> ACTION ITEM
Reproduce the whole listing exactly, omitting any picture it holds.
====== INFORMATION SHOWN
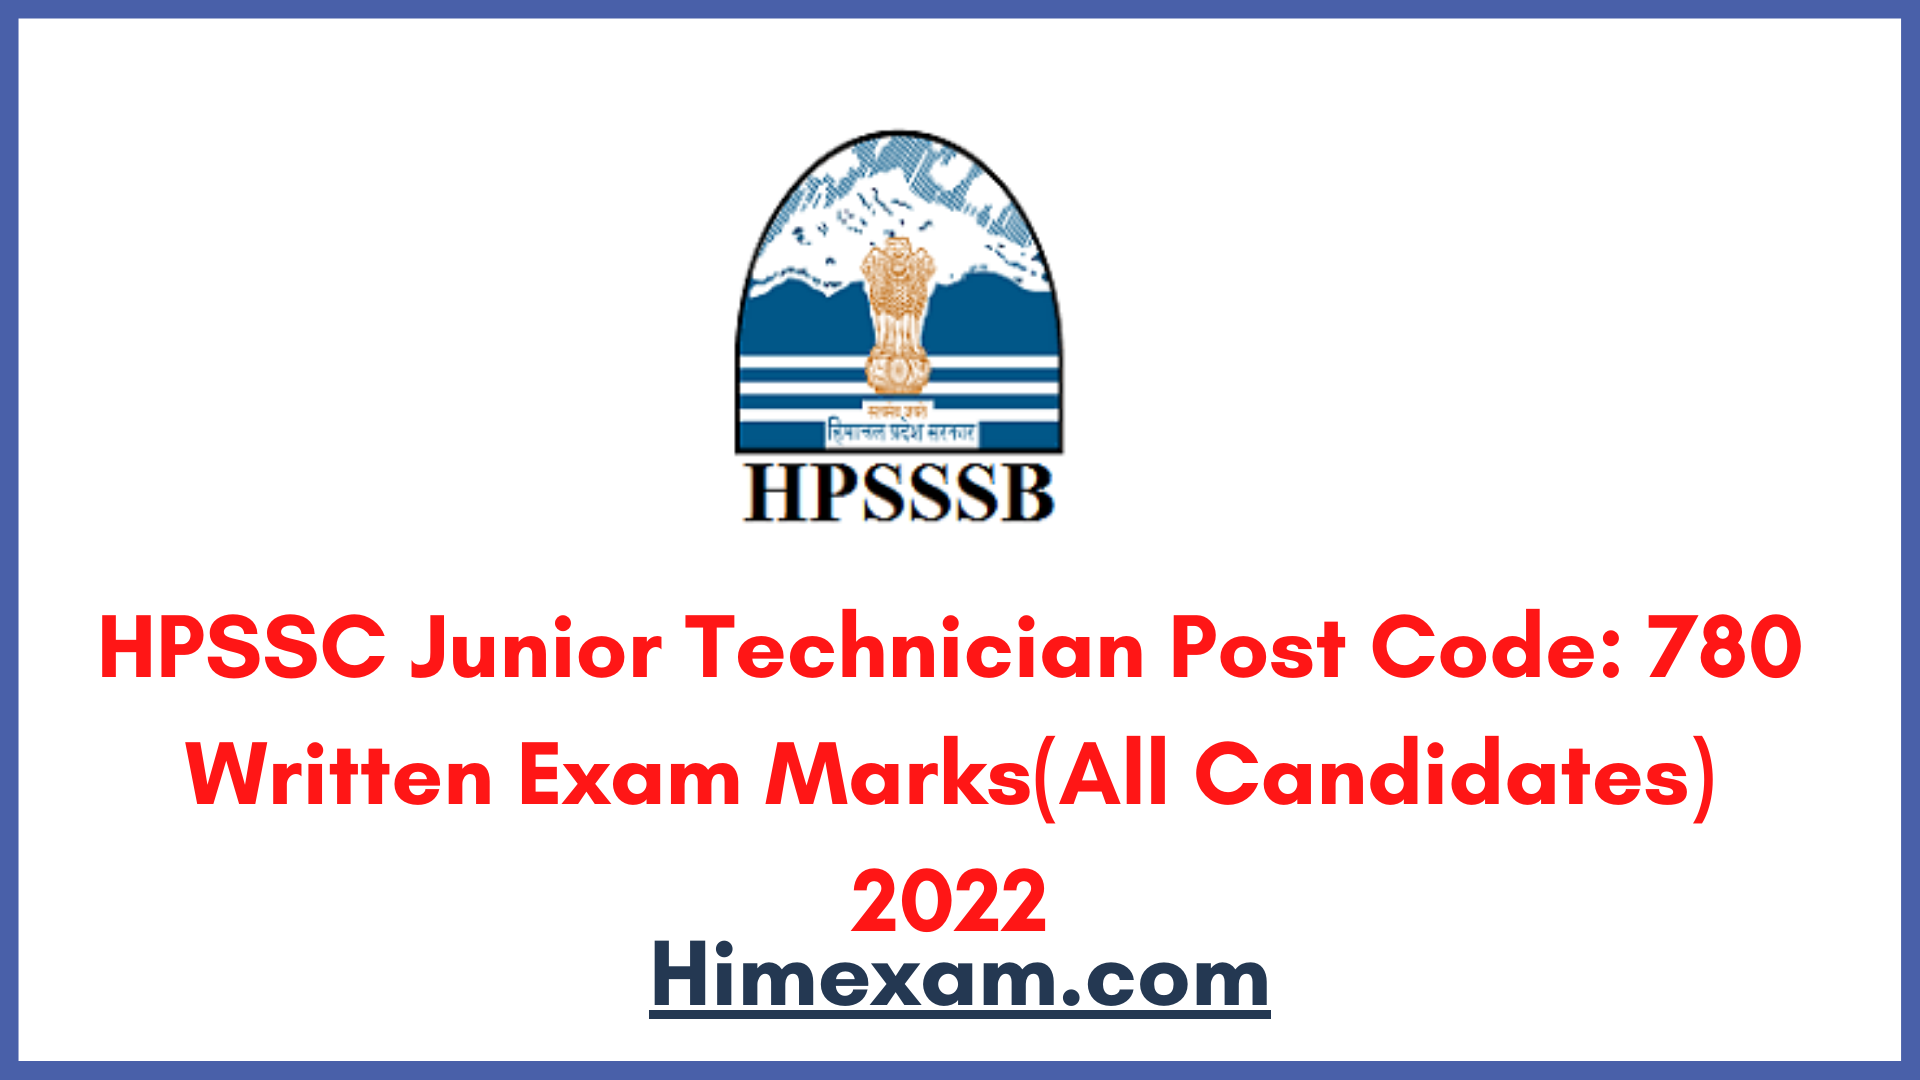 HPSSC Junior Technician Post Code: 780 Written Exam Marks(All Candidates) 2022
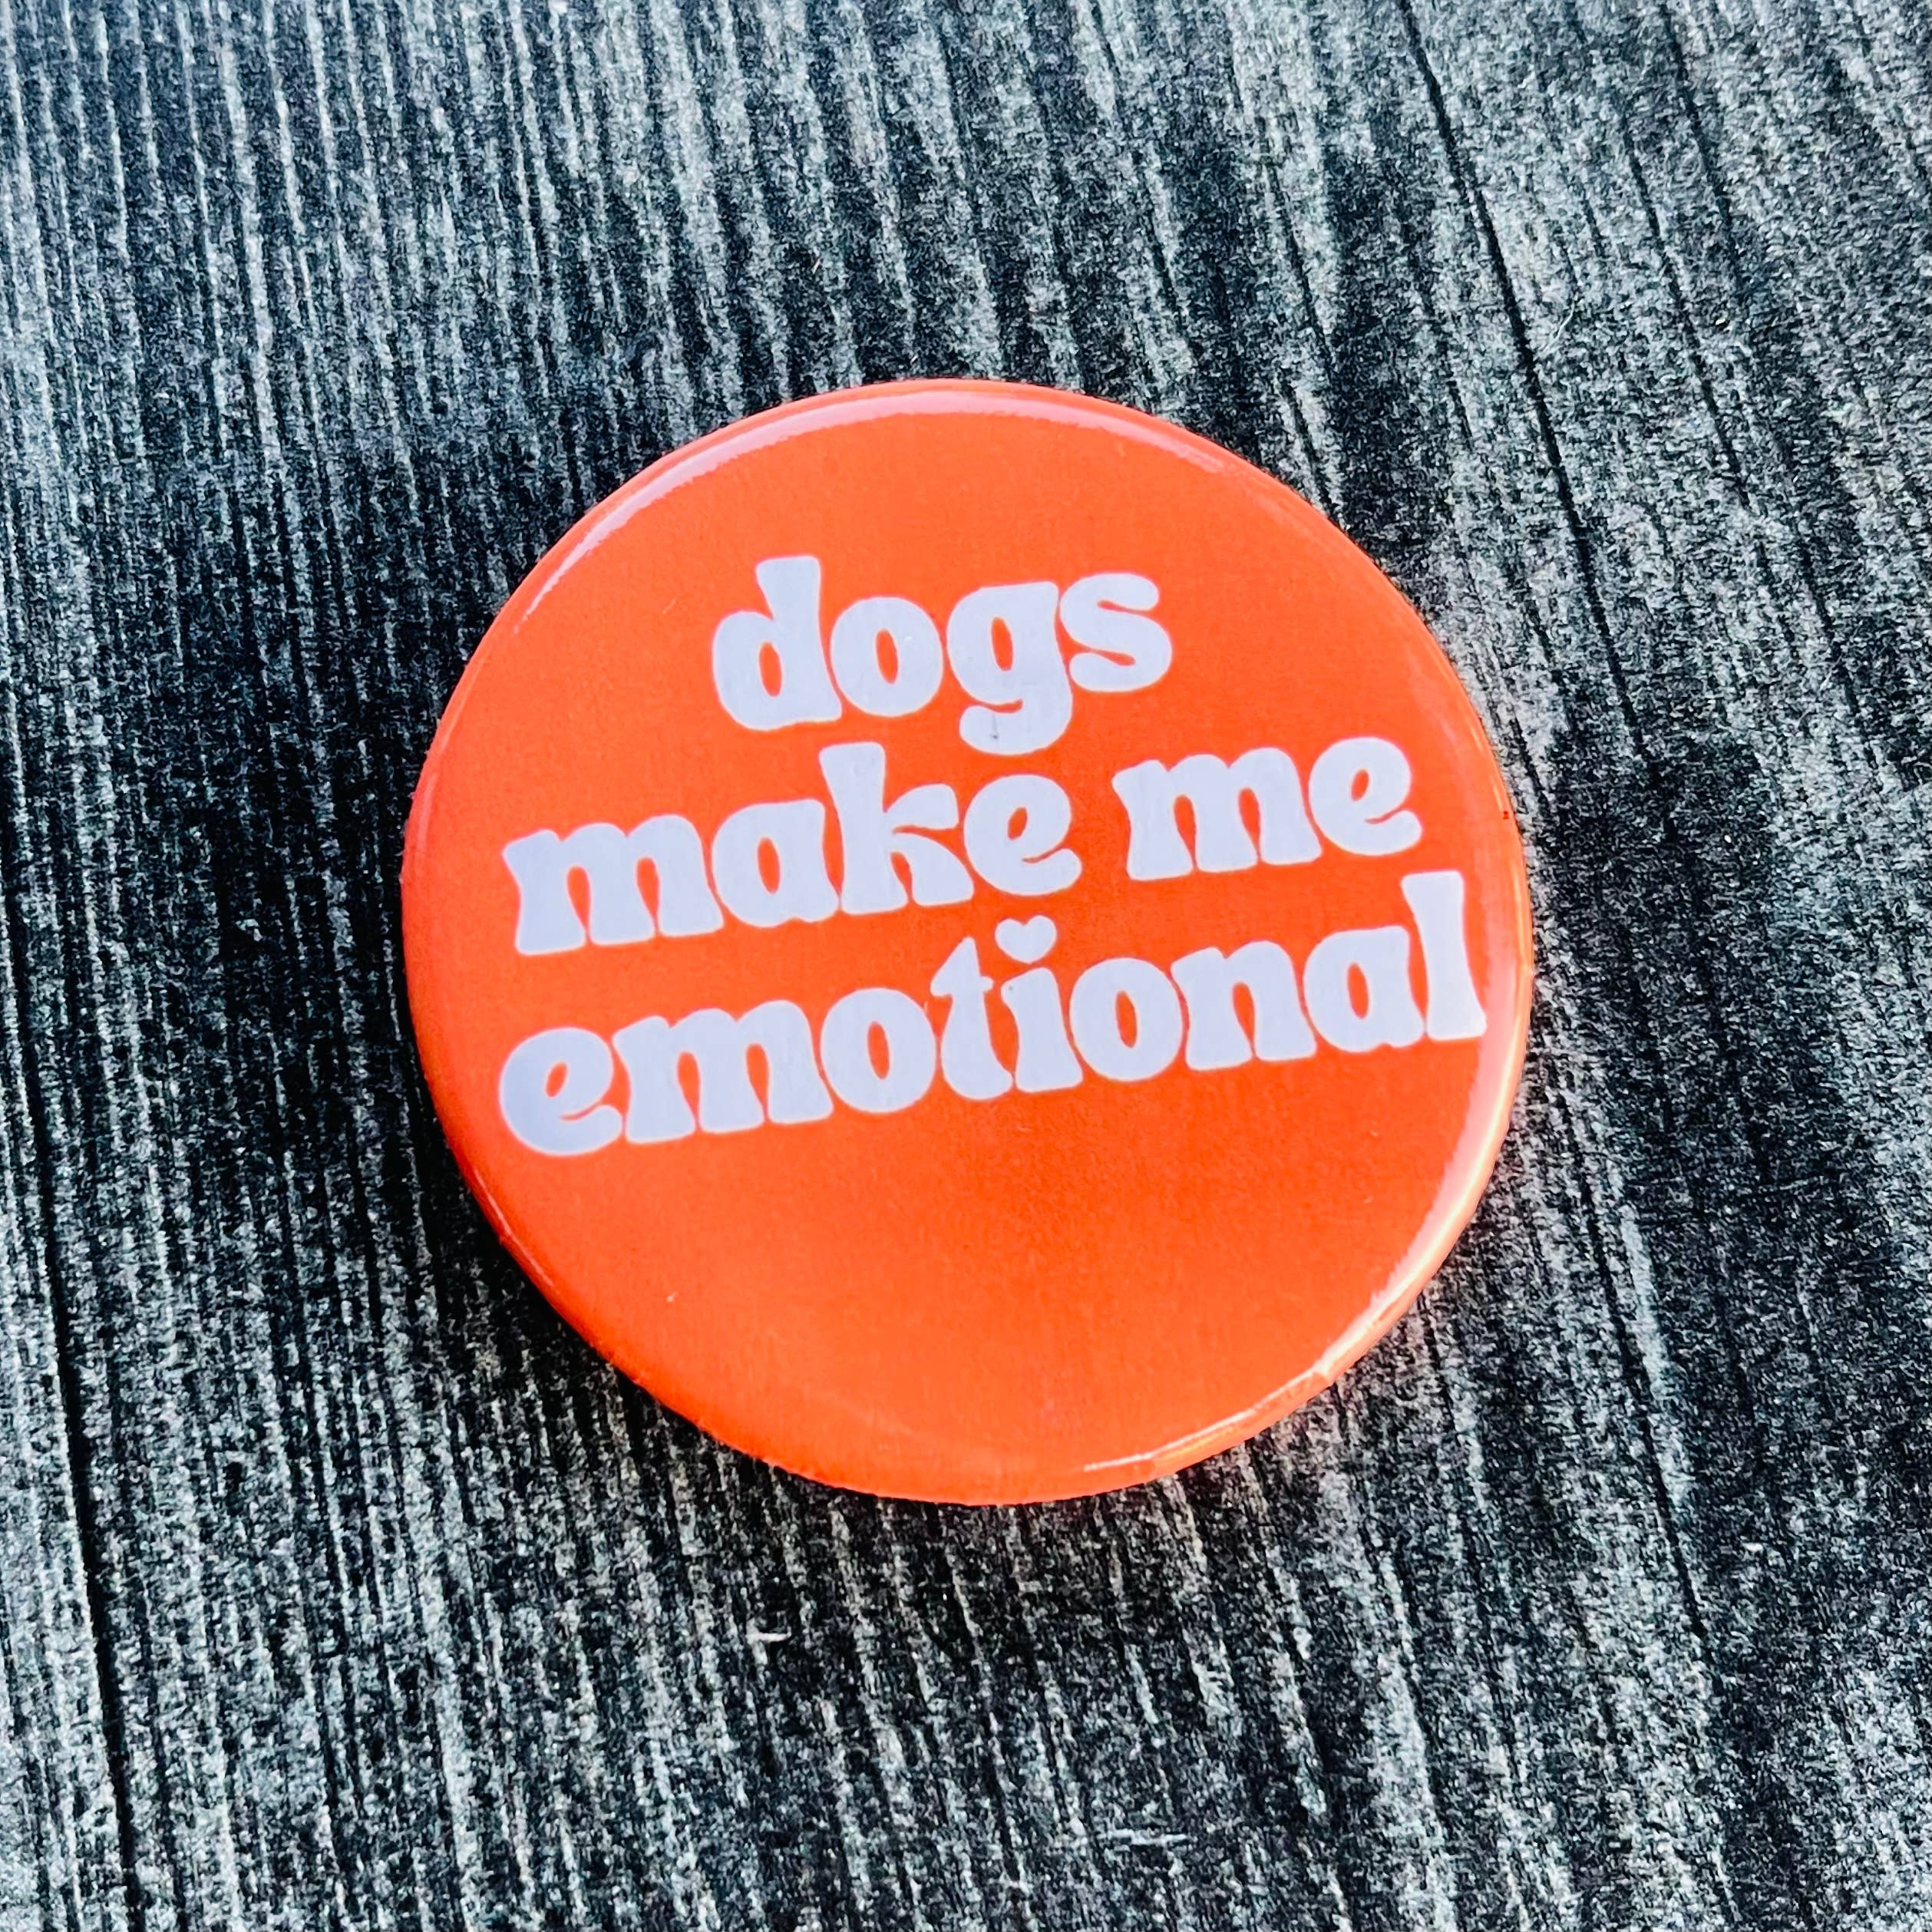 Dogs make me emotional pinback pin
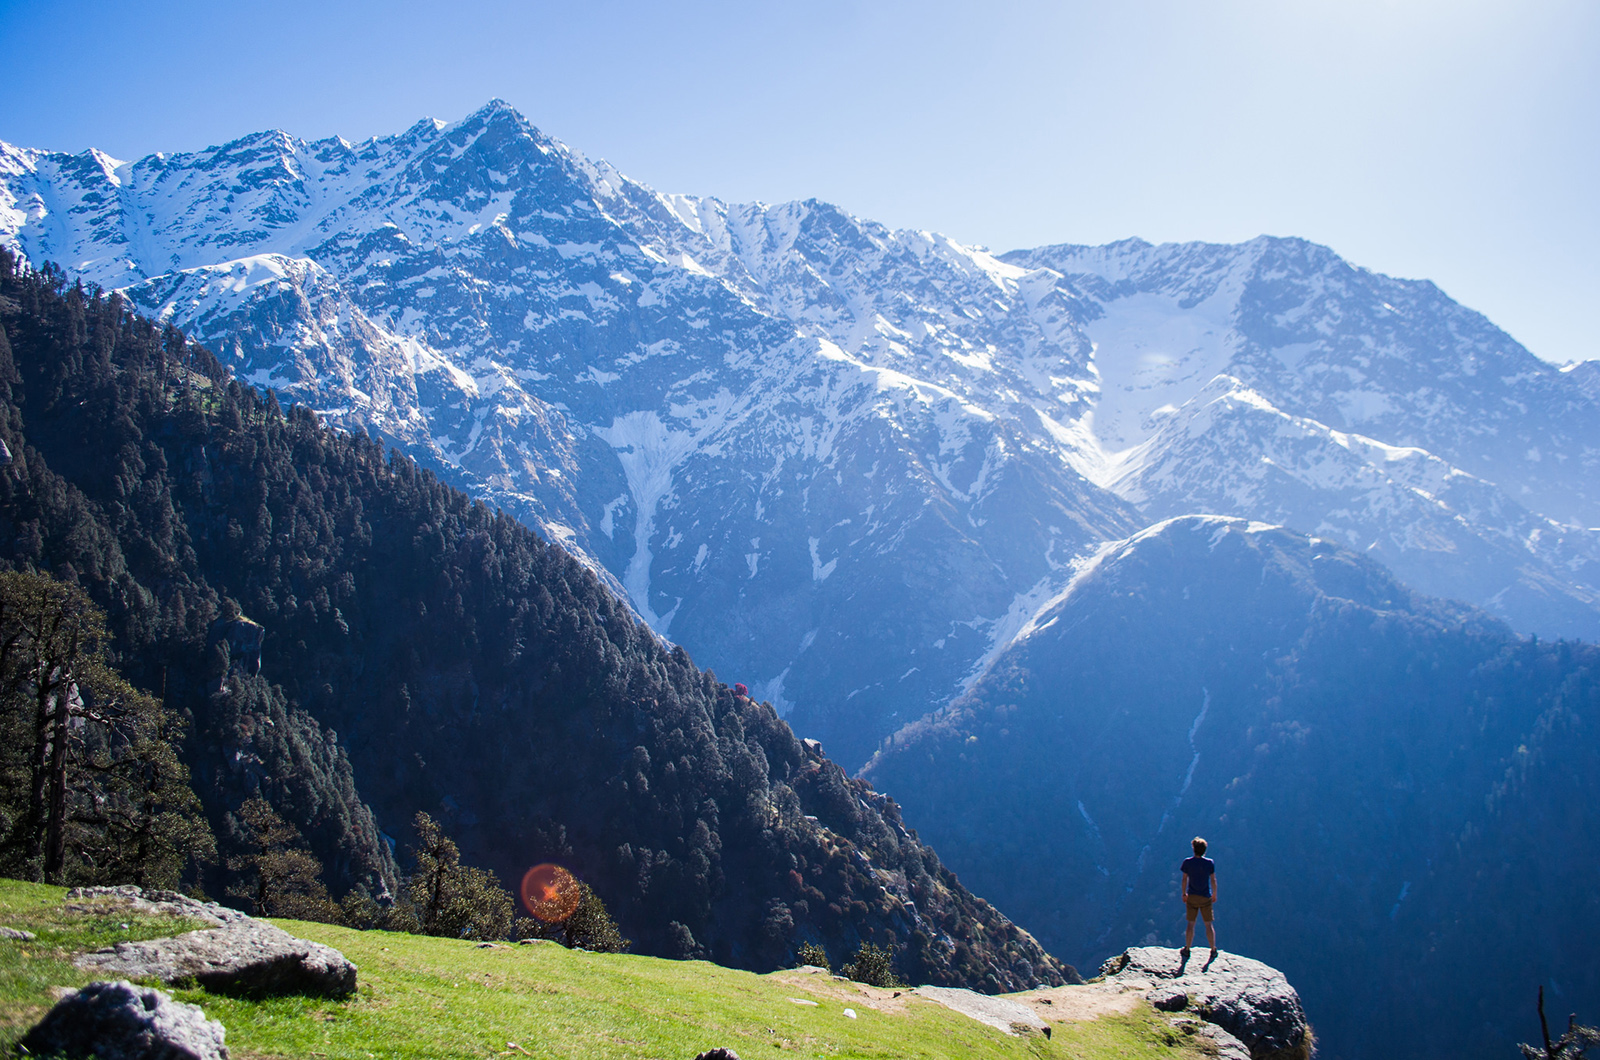 Гималаи – место вдохновения Николай Рериха и многих сегодняшних путешественников
============
> SOLUTION TO THIS PROBLEM
 HPSSC Junior Technician Post Code: 780 Written Exam Marks(All Candidates) 2022
 Dogs make me emotional pinback pin
 Гималаи – место вдохновения Николай Рериха и многих сегодняшних путешественников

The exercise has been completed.